Ajoutons que les histoires de famille ne sont pas simples, ce qui commence
quand même à dessiner pas mal de complications dans sa vie. Et revenons à cette
éraflure.
Car elle n’est pas aussi
anodine qu’il y paraît : elle est la conséquence d’un viol commis avec une
grande brutalité par un inconnu masqué qui s’est introduit chez elle. Le
quartier est moins sûr que ne le laisse paraître la prévenance d’un voisin prêt
à rendre tous les services et par qui Michèle est attirée. Le jour où elle
comprend que le gentil voisin et le méchant violeur ne font qu’un est
évidemment assez perturbant. Mais Michèle, qui n’en est pas à une contradiction
près, parvient à faire le lien entre les deux aspects de l’homme et à
poursuivre avec lui une relation basée sur la violence. Elle se dira plus tard,
après qu’un drame supplémentaire aura conclu leur histoire : « Avec le recul, je ne comprends pas
très bien comment j'ai pu accepter de jouer à cet abominable jeu – à moins que
le sexe n'explique tout mais je n'en suis pas vraiment sûre. Au fond, je ne
pensais pas être une personne si étrange, si compliquée, à la fois si forte et si
faible. »
Une bombe, disions-nous.
Il ne suffit pas que Philippe Djian ait pour la première fois choisi une femme
comme narratrice, il a fallu qu’il la rende amoureuse de son violeur ! A
moins qu’elle se soit placée, comme la réflexion que nous venons de citer le
laisse entendre, dans une situation de dépendance engendrée par ses problèmes
personnels et son désarroi affectif. Toujours est-il que l’écrivain n’a pas
choisi un point de vue confortable et consensuel. Sans pour autant, faut-il le
dire, tomber dans une caricature qui banaliserait le viol. On en est si loin
que Martine est, malgré tout ce qui semble prouver le contraire, profondément
traumatisée par ce qui lui est arrivé. Et davantage encore par la suite.

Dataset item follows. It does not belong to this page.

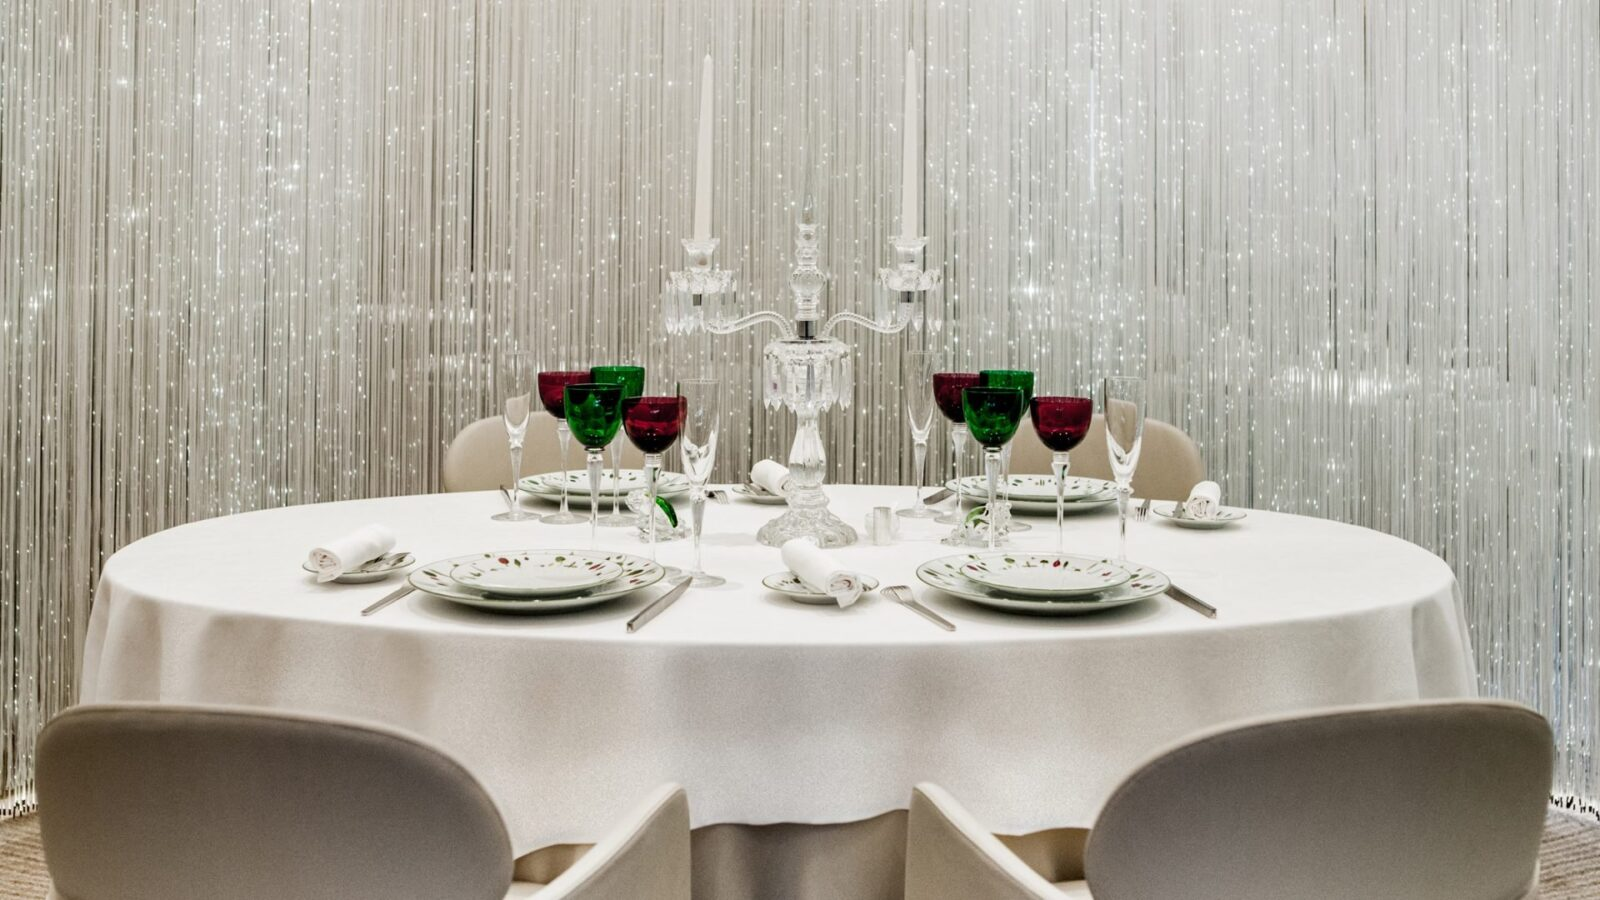 Alan ducasse restaurants the dorchester dorchester for Cafe le jardin bell lane london

Mais Philippe Djian, même s’il peut se lire d’un
point de vue idéologique (le lecteur a tous les droits), ne passe pas ses
romans à construire des thèses, antithèses et conclusions. Il aime surtout
faire des nœuds dans le cœur de ses personnages, quitte à les trancher ensuite
grâce à l’efficacité d’une langue râpeuse, parfois hardie dans sa crudité,
toujours en prise.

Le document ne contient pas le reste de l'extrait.